@devinplombier Glad you're enjoying the thread. The faith/reason framing is rhetorically satisfying but imprecise — this is really a dispute about burden of proof and what counts as sufficient evidence. Both sides think they're being reasonable.
That said, your component taxonomy is the most useful contribution in this thread. Mechanical break-in for speakers and tubes is physically coherent; thermal stabilization for SS gear is real but trivial; cable and power cord burn-in is where the physical rationale collapses and the faith diagnosis actually bites. Lumping all of these together under "burn-in" is what generates most of the confusion here.
One note on Kalchev: his review is aimed precisely at the cases you're most skeptical about — cables, power cords — where listener psychology does the most unacknowledged work. Speaker break-in is a different phenomenon and probably deserves its own conversation.

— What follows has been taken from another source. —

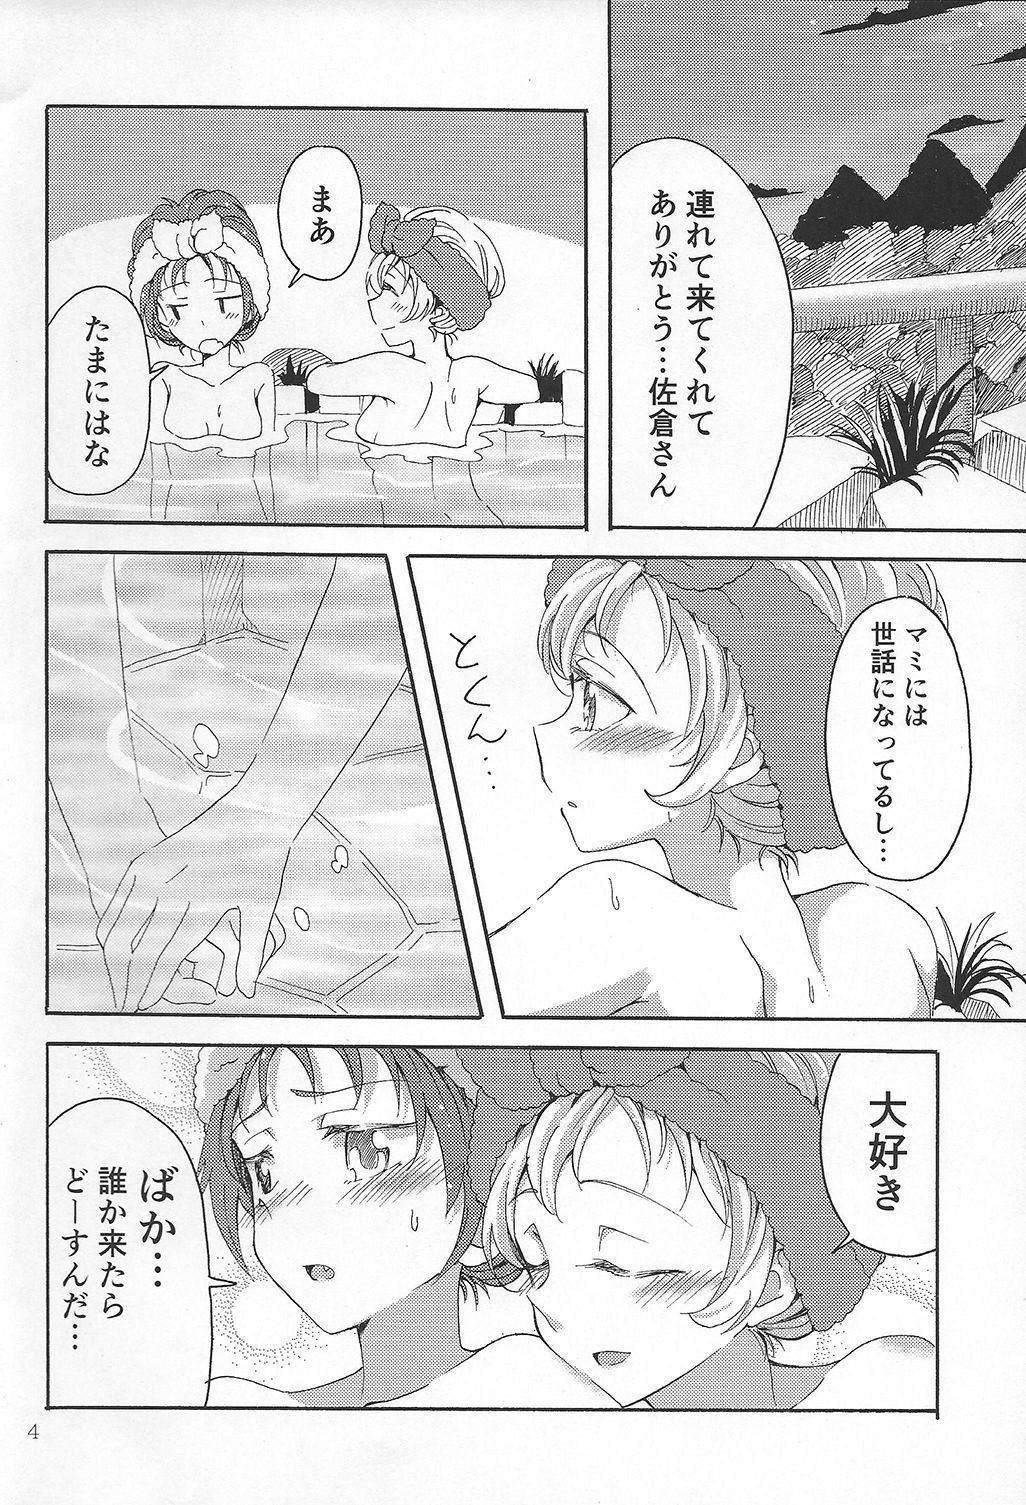 MamiAn! Seikatsu! 4 2

Finally, on "no one will be converted": that may be true of ideological debates, but it wasn't the spirit of the original post. I introduced the Kalchev study not as proof of anything but as one piece of scientific literature on the subject, and explicitly invited others to contribute any research they were aware of. The goal was to see what some literature actually says, not to win anyone over. If the thread produced more light than heat, that's enough.
It’s more of a compendium of previous studies than it is a study itself. It’s a narrative of existing literature that represents one side of the discussion only. The author doesn’t pretend to explore whether there are actual physical factors (mechanical changes) in a component that could cause burn-in.
Either tendentious or simply uninformed. Your "narrative review vs. study" distinction doesn't hold up. A narrative review is a recognized study type — it has a defined research question, a method for selecting and synthesizing literature, peer review, and an original epistemic contribution: the synthesis produces conclusions about the state of evidence that no individual primary study contains. By your logic, meta-analyses wouldn't count as studies either, which is an absurd result given that they sit near the top of the evidence hierarchy in medicine.
Kalchev announces exactly what he's doing in the title — a comprehensive exploration across physiological, psychological, and societal domains. He doesn't hide the physical question; he brackets it as outside his remit. Your own phrasing — "he doesn't *pretend* to explore physical factors" — is actually a point in his favor. Honest demarcation of scope is methodological integrity, not a deficiency.
Because the study brackets the physical question, it shouldn't be cited as though it settles it. But that's a claim about what the study establishes, not about whether it qualifies as a study. I'm done replying about this. I now judge it as trolling.